Examine Program 1, which ensures that the memory we wish to reserve starts on a particular boundary. Remember that full character sets (128 characters) must start on 1K memory boundaries, and half sets must start on 512-byte boundaries. There are similar rules for player/missile graphics (see “Atari Animation With P/M Graphics,” a three-part series starting in the September 1985 issue of COMPUTE!). If you actually type in and run the programs below, you’ll be in for a little surprise. But do not omit the REMark statements from Program 2, or you’ll miss half the fun. Feel free to omit them from Program 1. For the programs to function properly, you must save Program 2 with the filename PROGRAM2.BAS (see line 900 of Program 1). If you’re using cassette instead of disk, change line 900 in Program 1 to RUN "C:" and make sure the tape is cued to Program 2 before you run Program 1.
A minor caution: The reason we base the changes to LOMEM on the contents of locations 128 and 129 (BASIC’s internal MEMLO pointer) instead of the actual LOMEM contents is complex.

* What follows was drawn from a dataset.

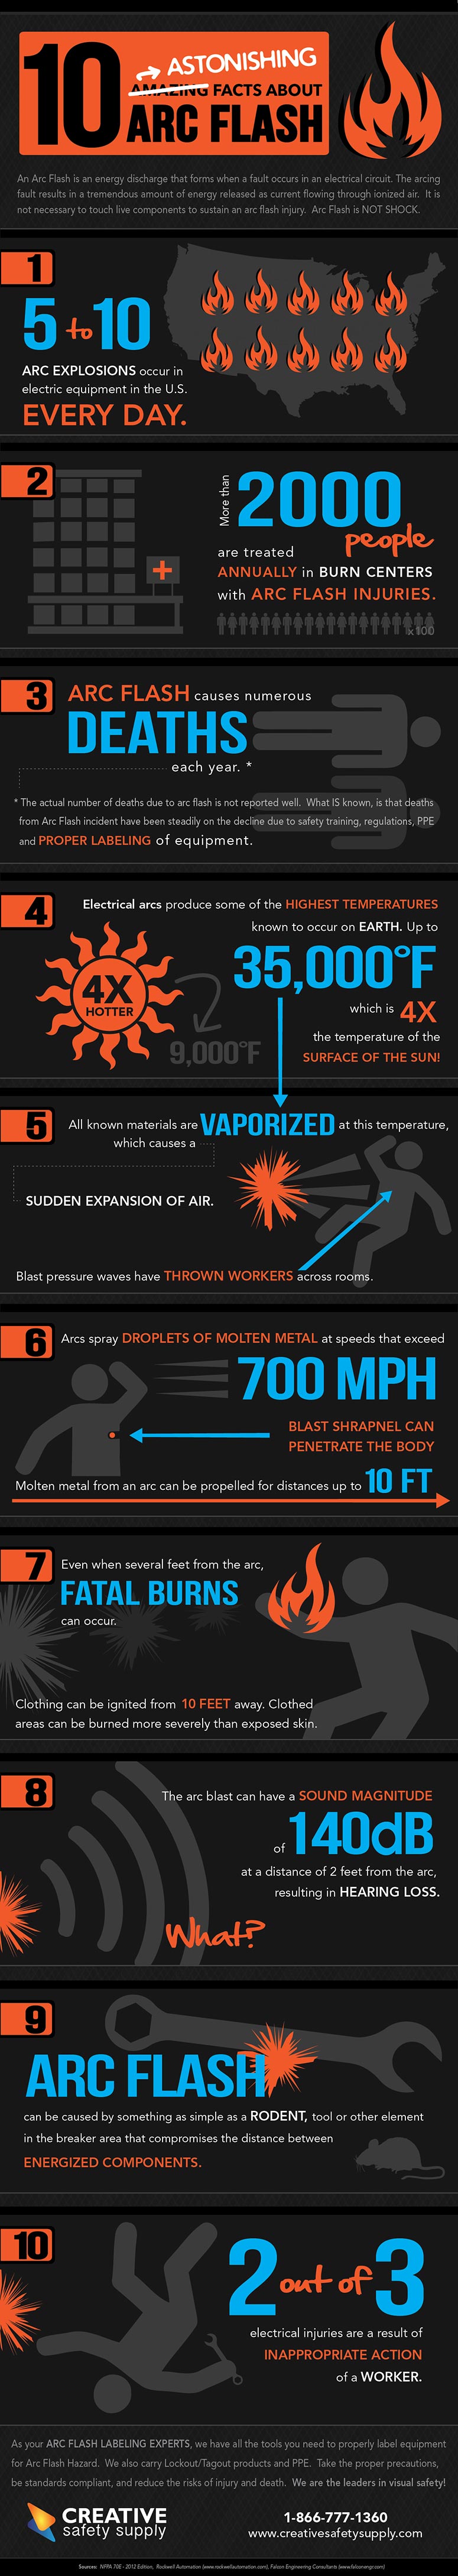 10 Astonishing Facts About Arc Flash

I have discussed it in this column before, but the heart of the problem is that some Atari device drivers (including the 850 Interface Module’s R: handler) do not correctly restore LOMEM when the SYSTEM RESET button is pressed. After a reset, BASIC’s pointer is more reliable. For the same reason, and for safety’s sake, programs bumping LOMEM should always bump it higher than the top of the BASIC program currently in memory. And one last piece of advice: If you run Program 1 over and over again, it keeps raising LOMEM higher and higher. Eventually you’ll run out of memory. You probably need some sort of flag elsewhere in memory (Page 6?) which tells the program not to raise LOMEM again.

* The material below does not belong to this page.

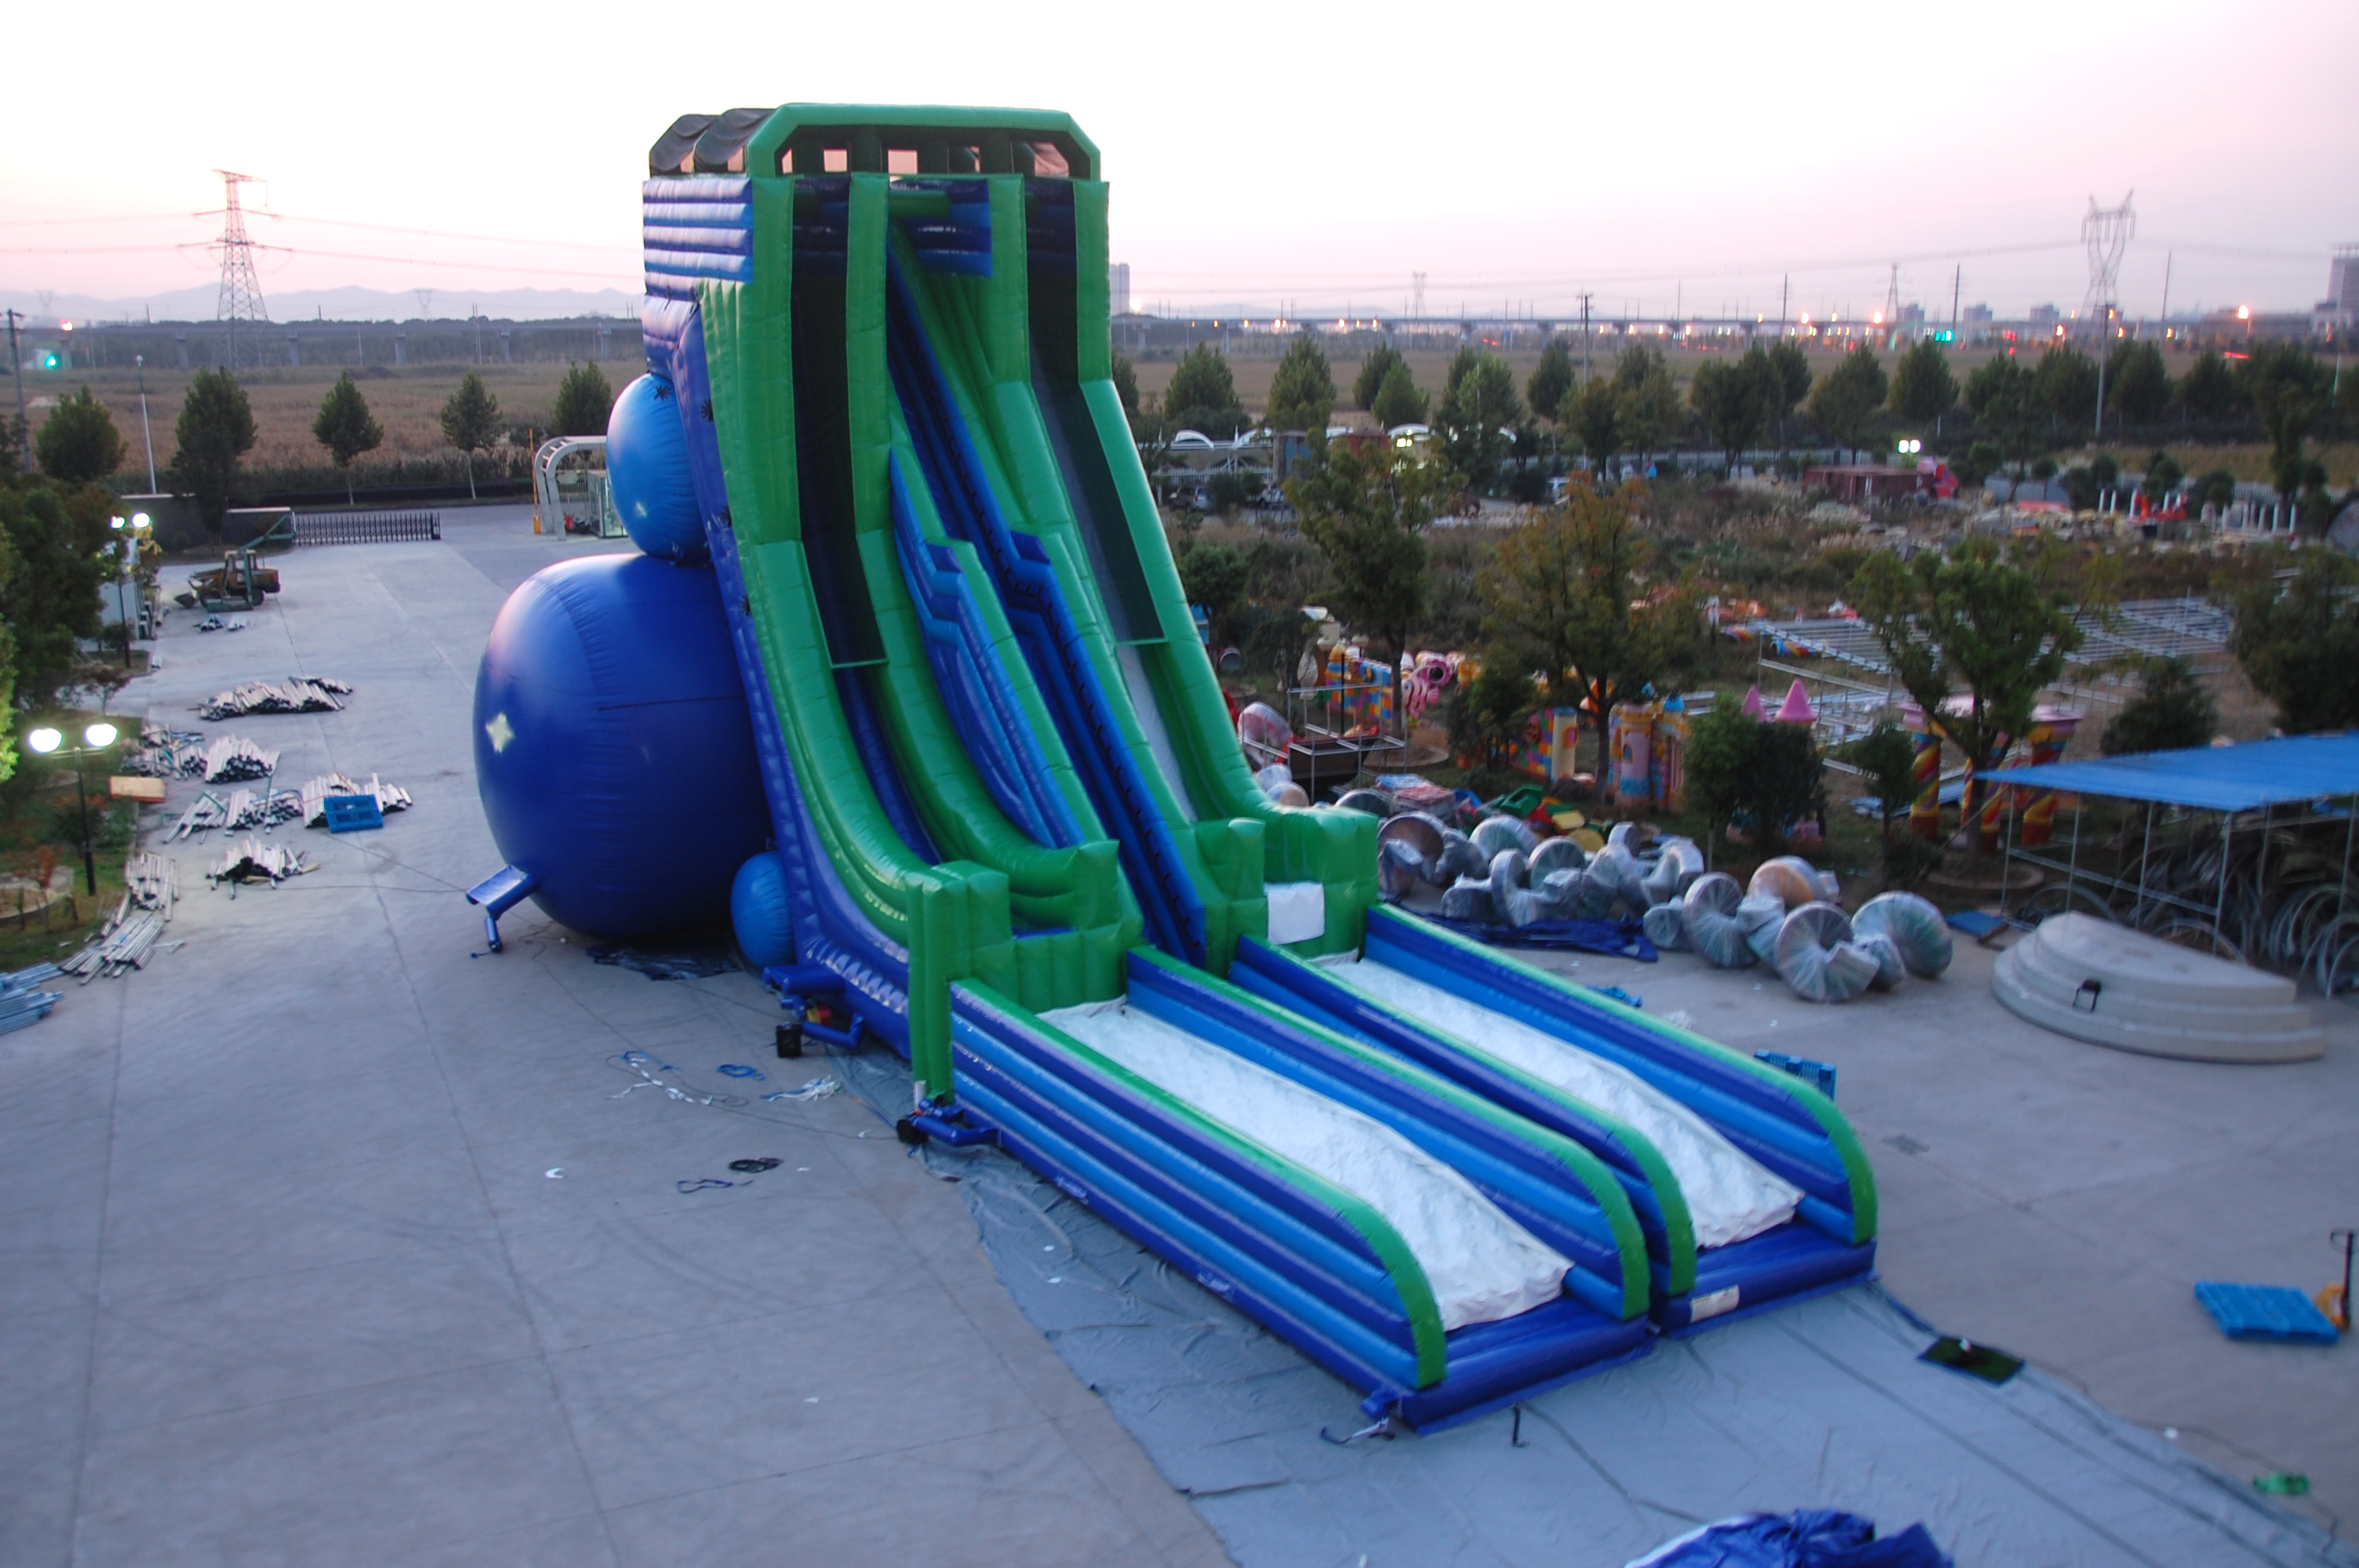 Inflatable 2000 Launches World’s Tallest Inflatable Wet/Dry Slide at

Enough about LOMEM; what about HIMEM? Truthfully, if you know how big your program is and what it’s going to use in the system, you can put anything you want (character sets, machine language, player/missile shape data, etc.) in the memory between the top of your program and the bottom of screen memory. The only time the contents of HIMEM are used is when BASIC checks to ensure that APPMHI (location 14, $0E) hasn’t collided with it. APPMHI is essentially BASIC’s high water mark. It keeps track of the top of the runtime stack, which is always above the string and array space, which in turn is always above your program. So, if you know that your program, its data, and its stack will never grow too large, you could ignore HIMEM altogether. It’s much cleaner, though, to tell the system what you’re using by modifying HIMEM.

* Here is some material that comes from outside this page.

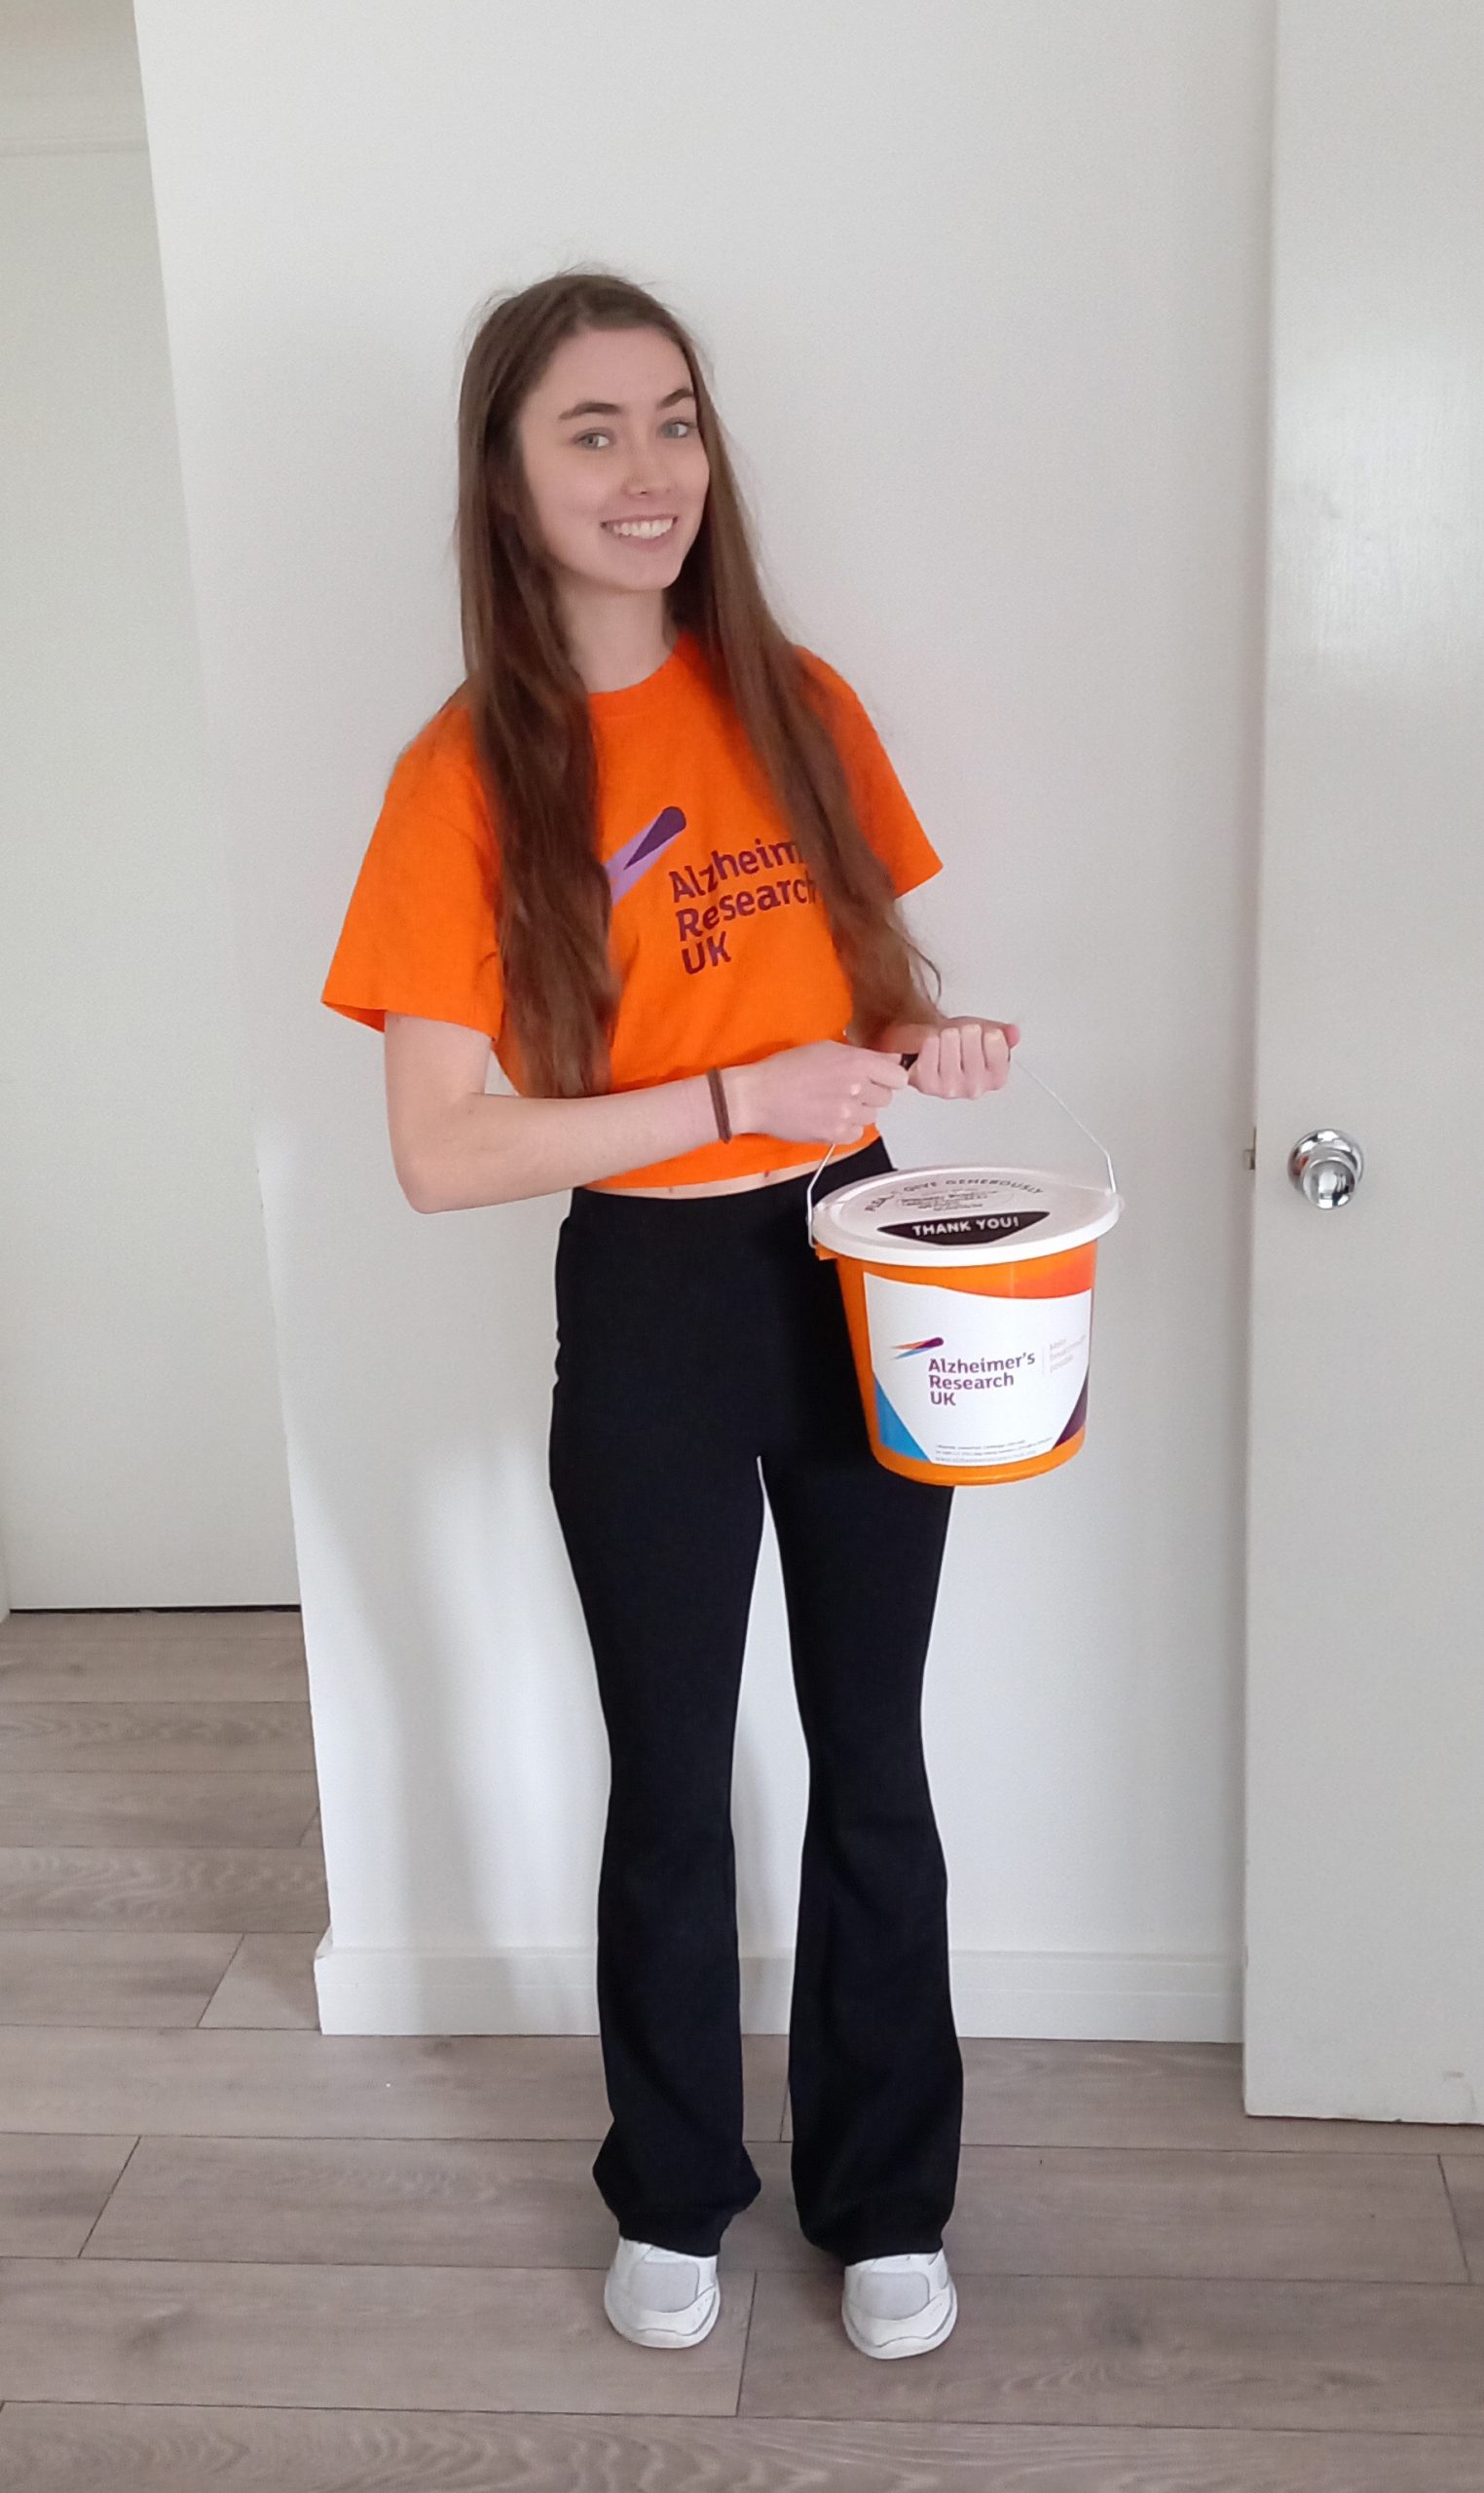 Image of Alicia Cumberland holding a charity bucket for Alzheimer's Research UK

How and why does HIMEM change if you don’t do this? The most usual cause is a change in the graphics mode. For example, while ordinary text screen graphics (GRAPHICS 0) occupy less than 1K of memory, several graphics modes (such as modes 8, 9,10, 11, and 15) require 8K of screen memory. To demonstrate this, type in and run the following line, preferably after hitting the SYSTEM RESET button:
This displays three numbers: memory available for your program in text mode, usable memory in mode 8, and the extra amount used by mode 8 graphics.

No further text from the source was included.